Algunos somos buenos recordando; otros necesitamos un poco de ayuda. Como Sarah Hepola me dijo, las personas que son muy buenas estando presentes desarrollan ciertas estrategias: oran, meditan, escriben y corren; encuentran pequeñas pero significativas maneras de estar agradecidas. Y espero que ese pueda ser uno de los resultados de estas conversaciones: proporcionar pequeños pero valiosos recordatorios para que aprendamos a prestar atención a nuestras vidas mientras las vivimos. Al preguntarle a la gente cómo amar, todo este tiempo, he estado descubriendo cómo vivir.
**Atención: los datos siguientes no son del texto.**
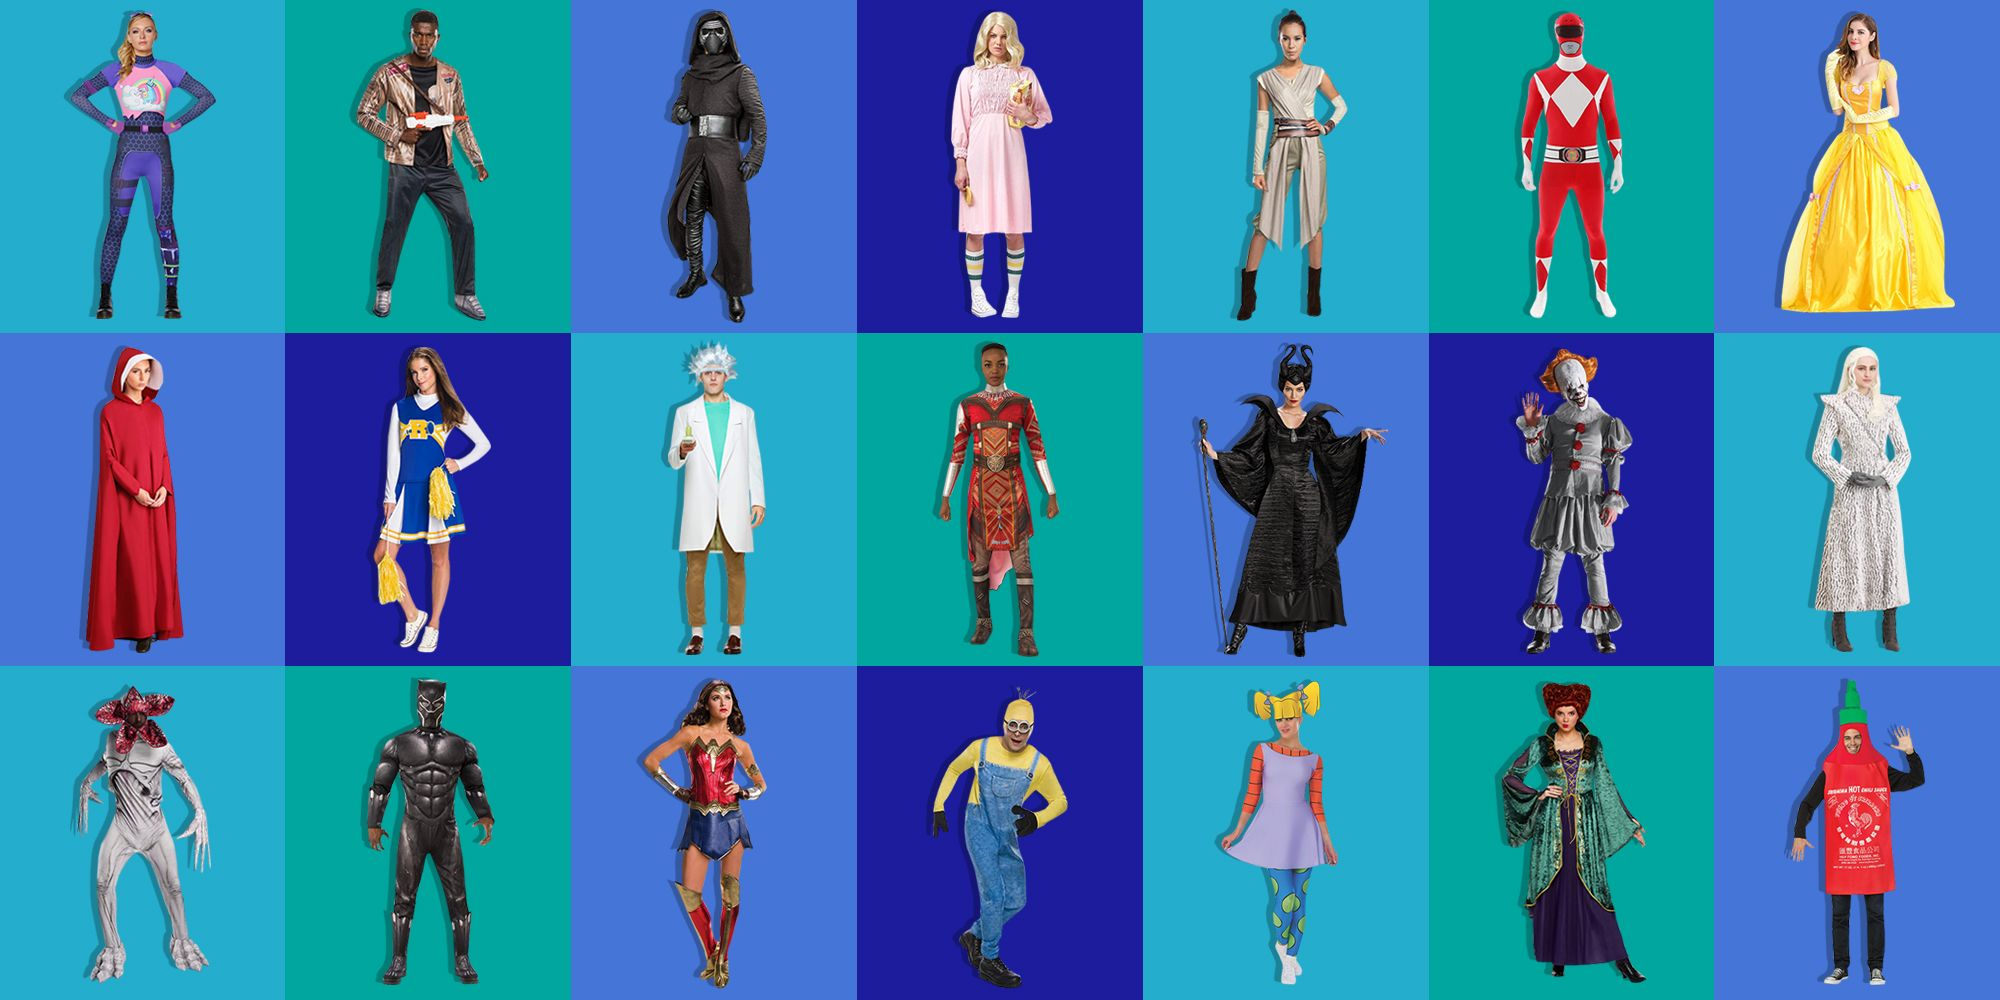 Early Halloween 2020 40 Best Halloween Costumes of 2020   Halloween Costume Ideas for

Ahora, mi objetivo ya no es protegerme de futuros problemas románticos. En vez de eso, espero que, cuando llegue a las últimas semanas de mi vida, pueda recordar y tener la certeza de que supe reconocer el amor, de que supe que el cariño de un padre es como un rayo cálido de sol en la piel o que estar casada es como cantar dos notas diferentes de la misma canción. Espero seguir sabiendo que el amor no es algo estrecho. Que el amor es lo que hace que nos importe lo que ocurre y que nos conecta entre nosotros y con el mundo. Que el amor es una búsqueda, una promesa, un hogar. Es una fuerza que alimentamos para acercarnos, con tazas de té y ternura, con humor y algún «lo siento»; y también es un mundo que creamos con otra persona, una verdad a la vez. Más que nada, espero percatarme del amor que habita en los momentos ordinarios y estar presente mientras suceden: la dulzura en la sonrisa de Joni al despertar; las tonterías de mi familia, como reírse de sus propios gases en el día después de Navidad; el consuelo que brinda la amabilidad de un desconocido; el misterio de un cielo nocturno despejado; la espontaneidad de un correo de Dan que incluye tan solo una cita de Frida Kahlo («Ten un amante que te mire como si fueras un bizcocho de bourbon»); o la profunda paz de los brazos de mi amiga que me envuelven en el parque durante una brillante mañana de otoño. Espero que, cuando llegue mi último día en este planeta, pueda recordarlo todo y pensar: el amor es extraordinario. La vida es extraordinaria. Estoy muy agradecida, no solo por haber conocido el amor, sino por haber sido consciente de su importancia y haberle prestado atención.